ACTION ITEM: Locate "New Azure Moon.jpg" in the data below, then output the line it is on and all following lines through the last, word for word. Skip any pictures.

[Saved entries]
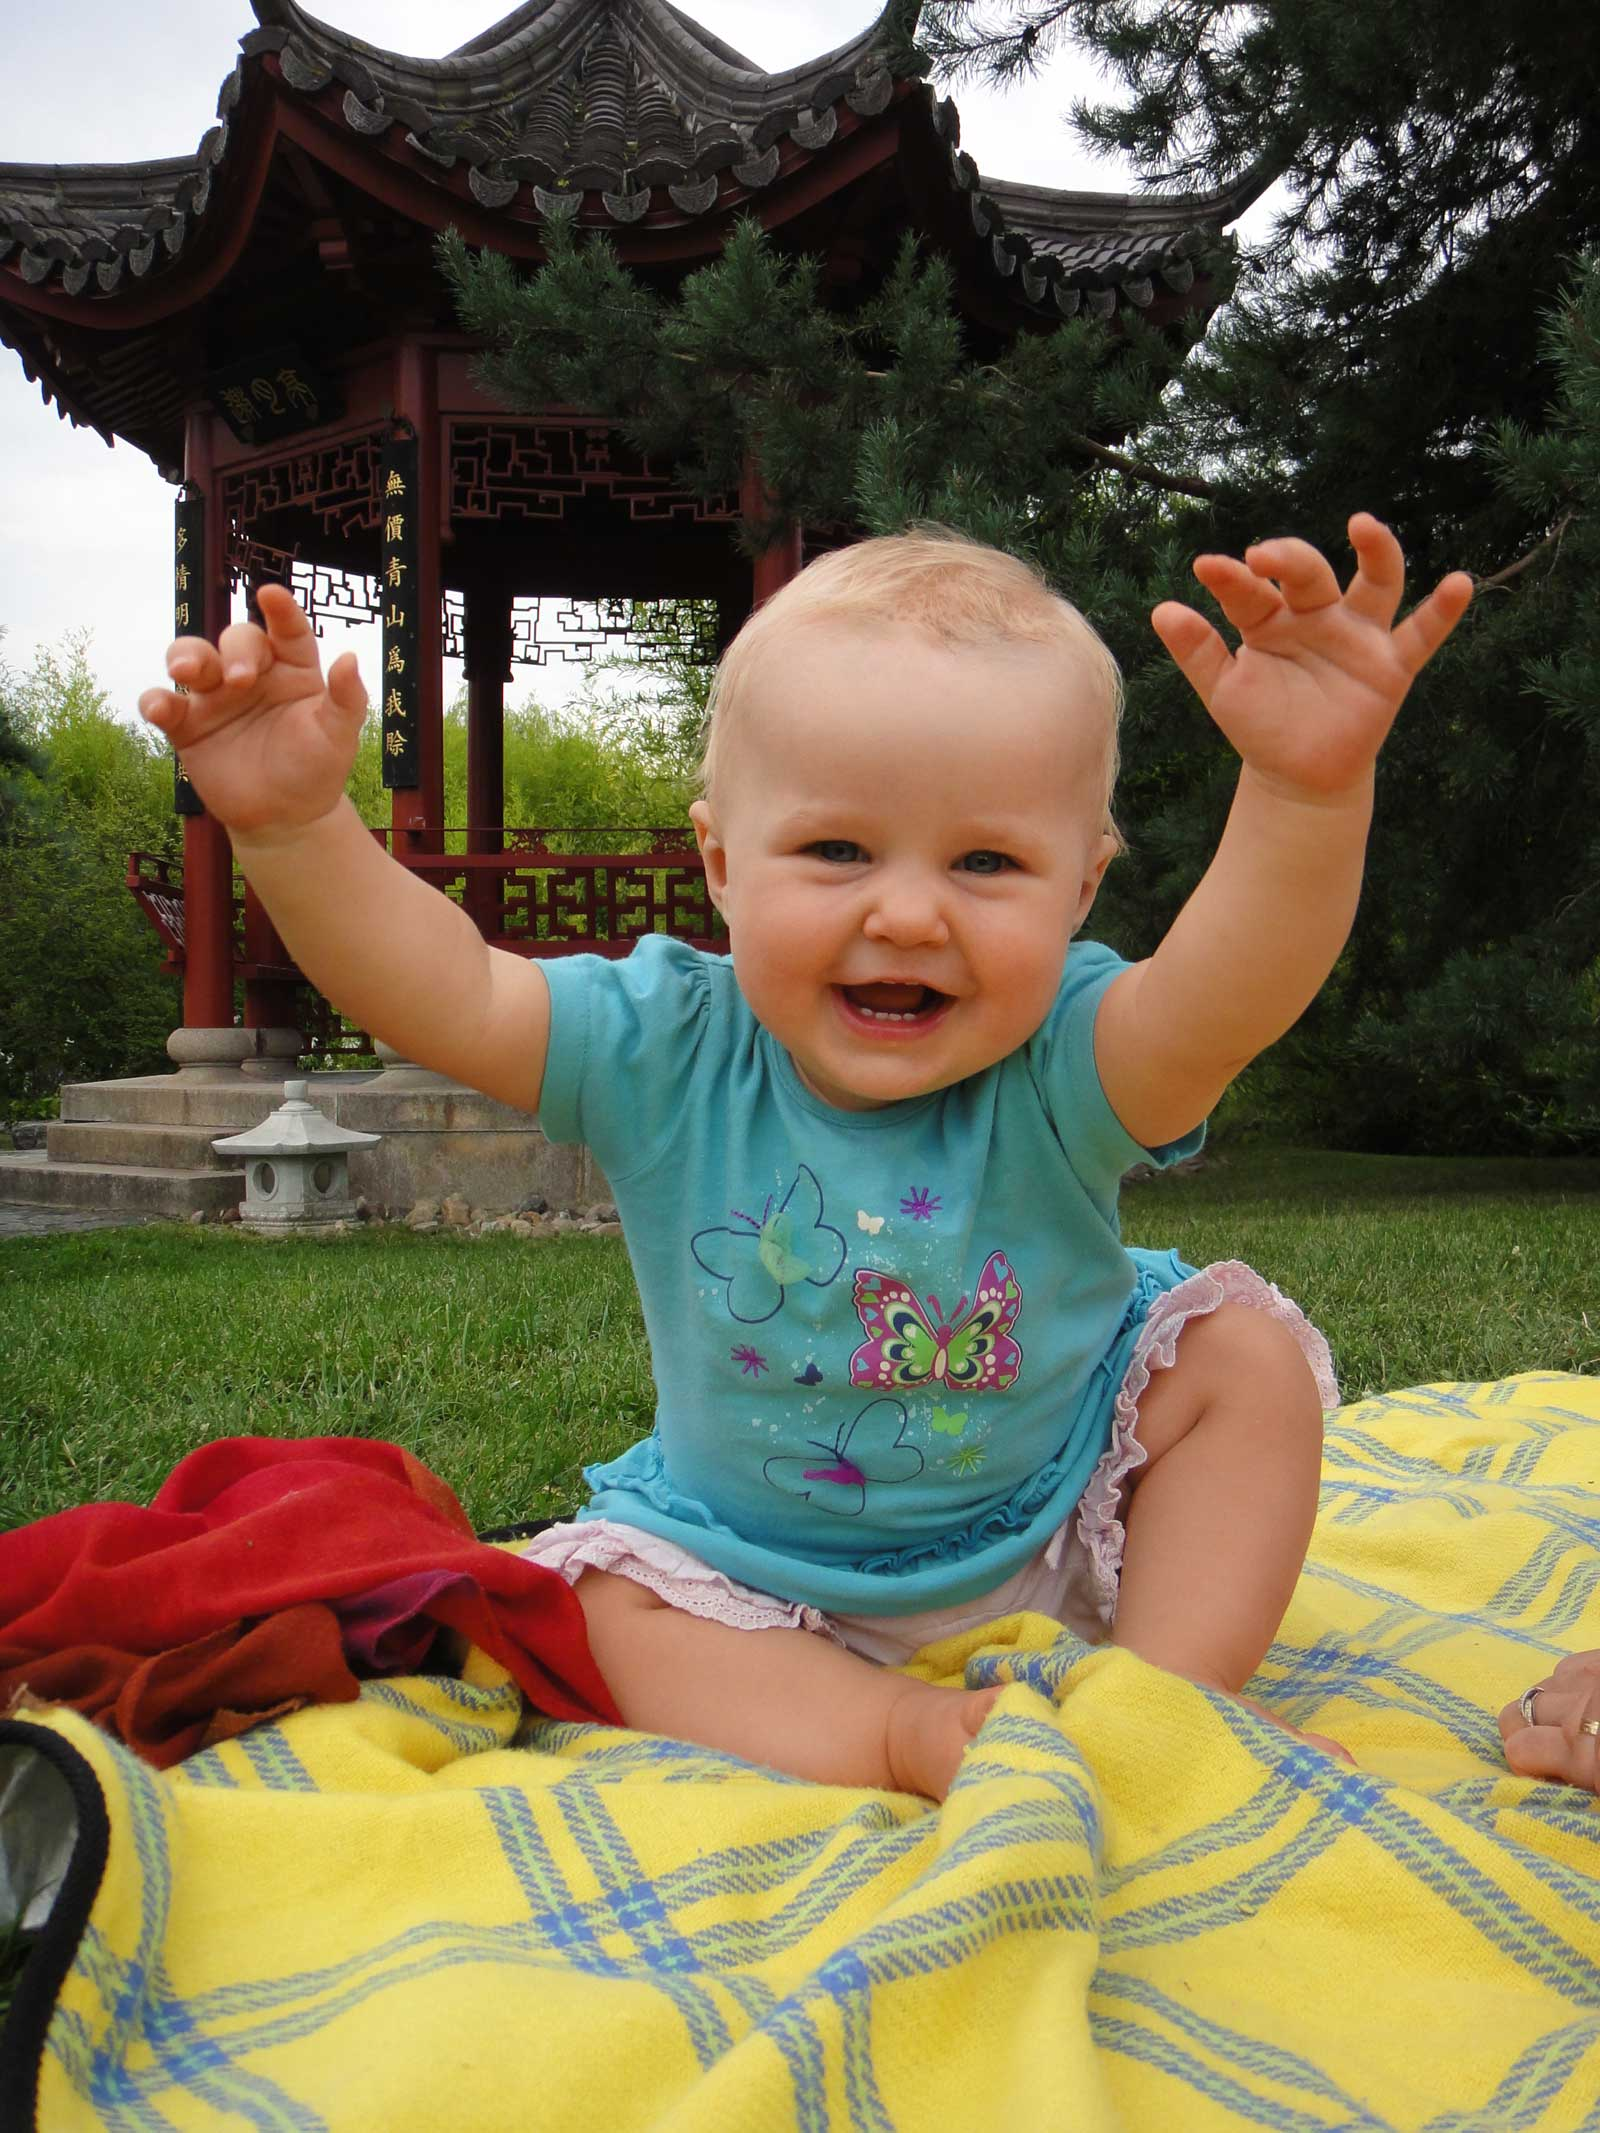 Beseelte Momente - Taufkind Segensfeier
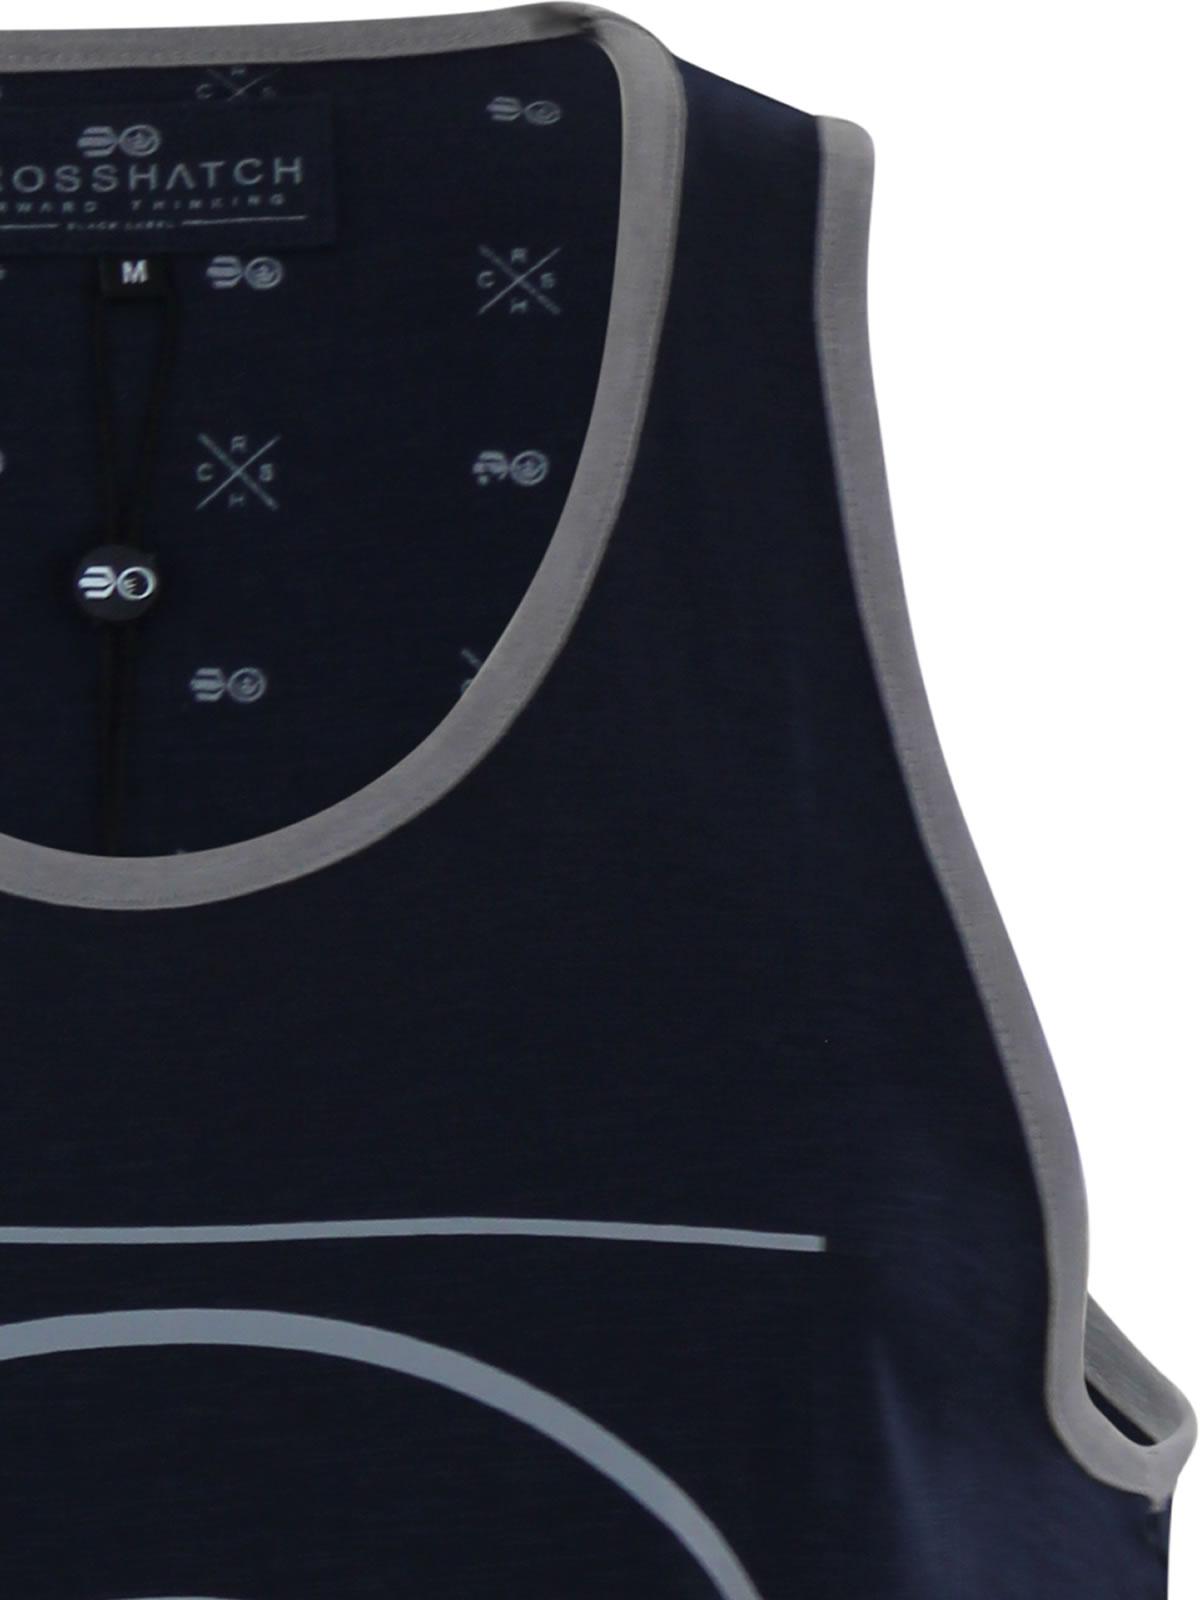 miniature 10 - Homme-debardeur-t-shirt-crosshatch-alfa-summer-muscle-back-tank-top
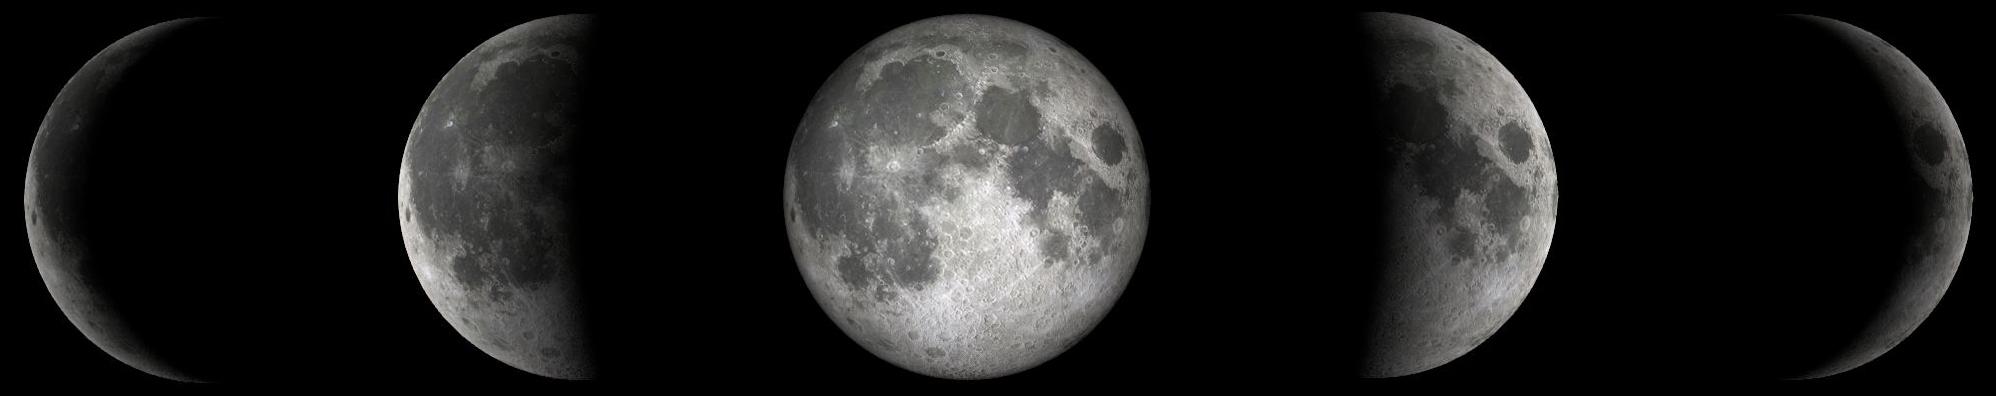 New Azure Moon.jpg
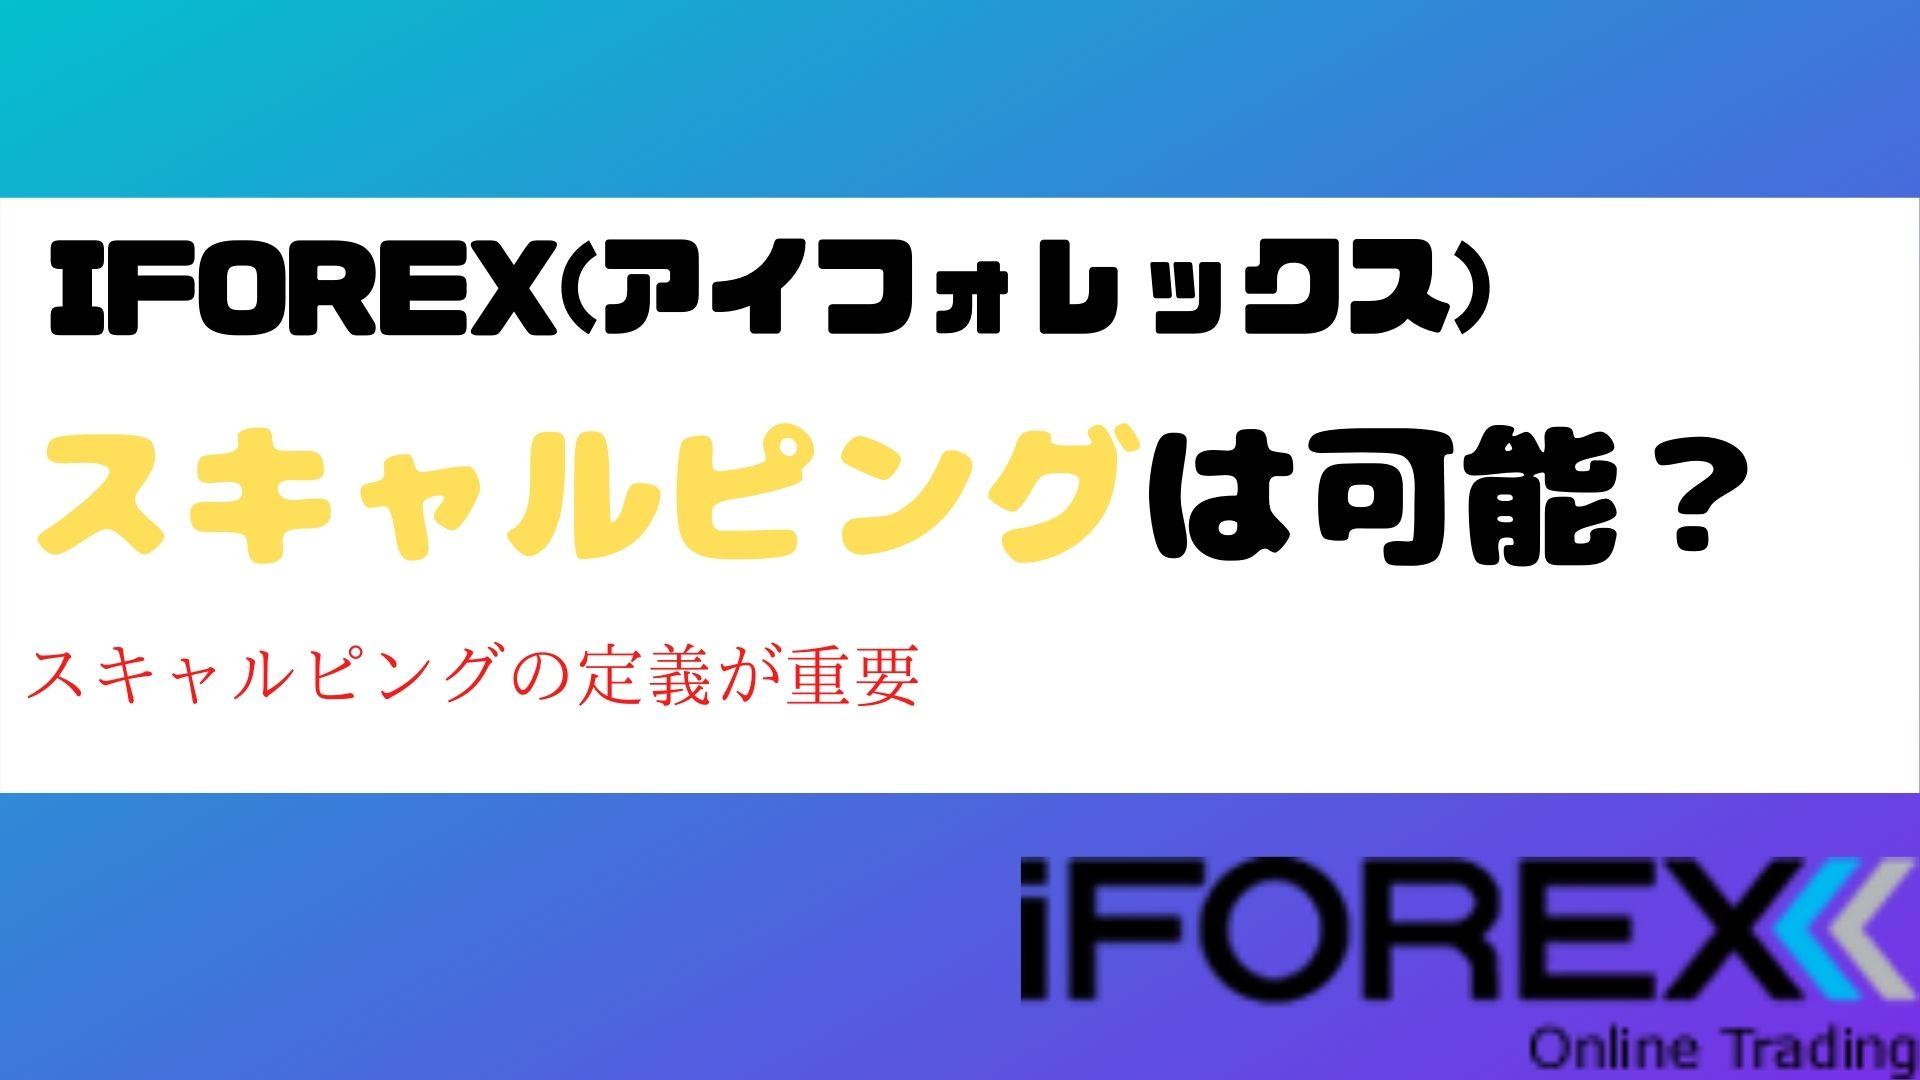 iforex-scalping-title
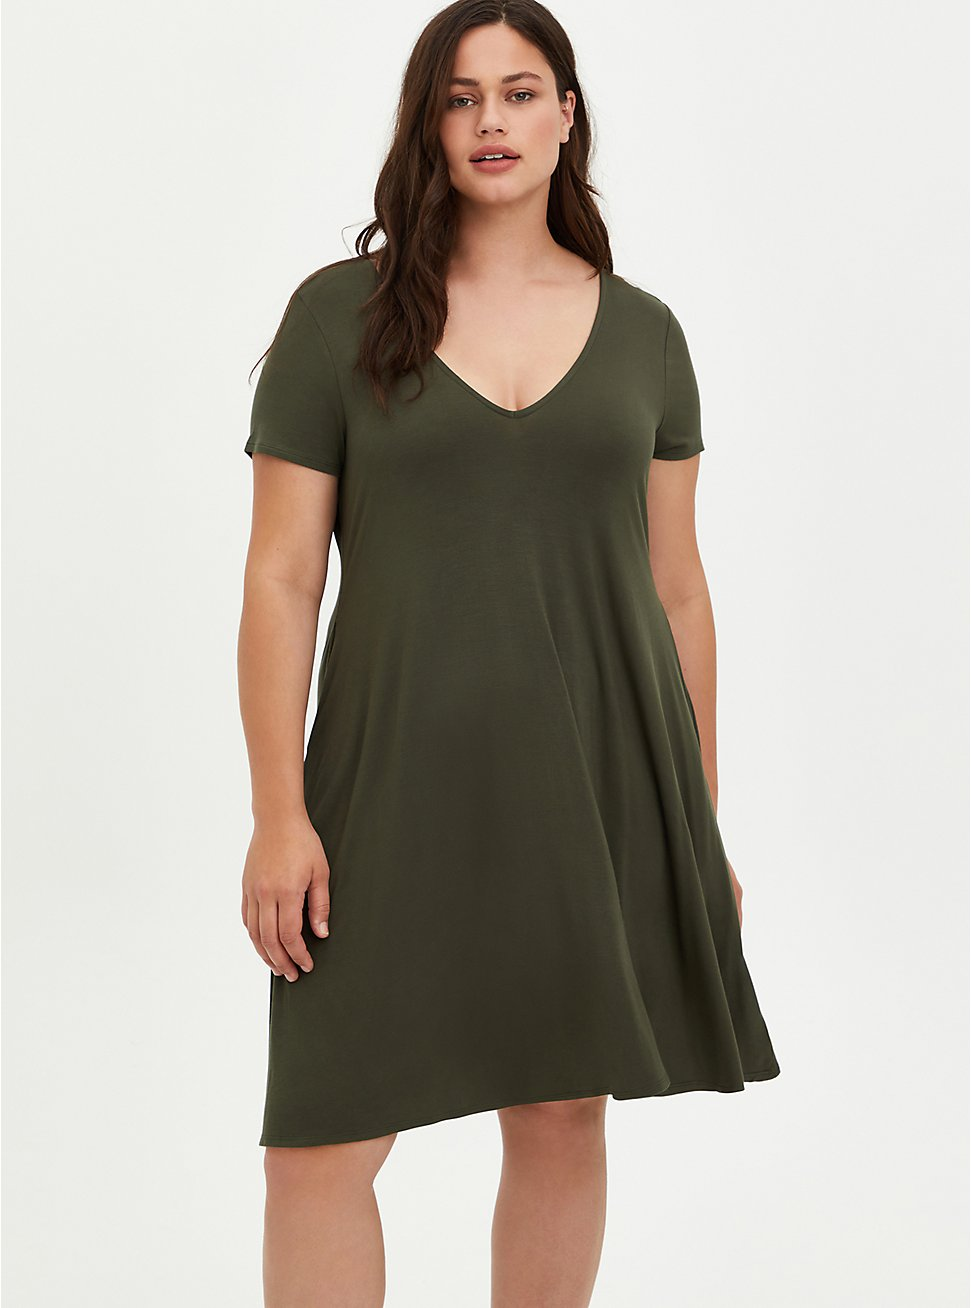 Fluted Mini Dress - Super Soft Olive, DEEP DEPTHS, hi-res

RESPONSE AREA:
 New Azure Moon.jpg
 iforex-scalping-title
 Fluted Mini Dress - Super Soft Olive, DEEP DEPTHS, hi-res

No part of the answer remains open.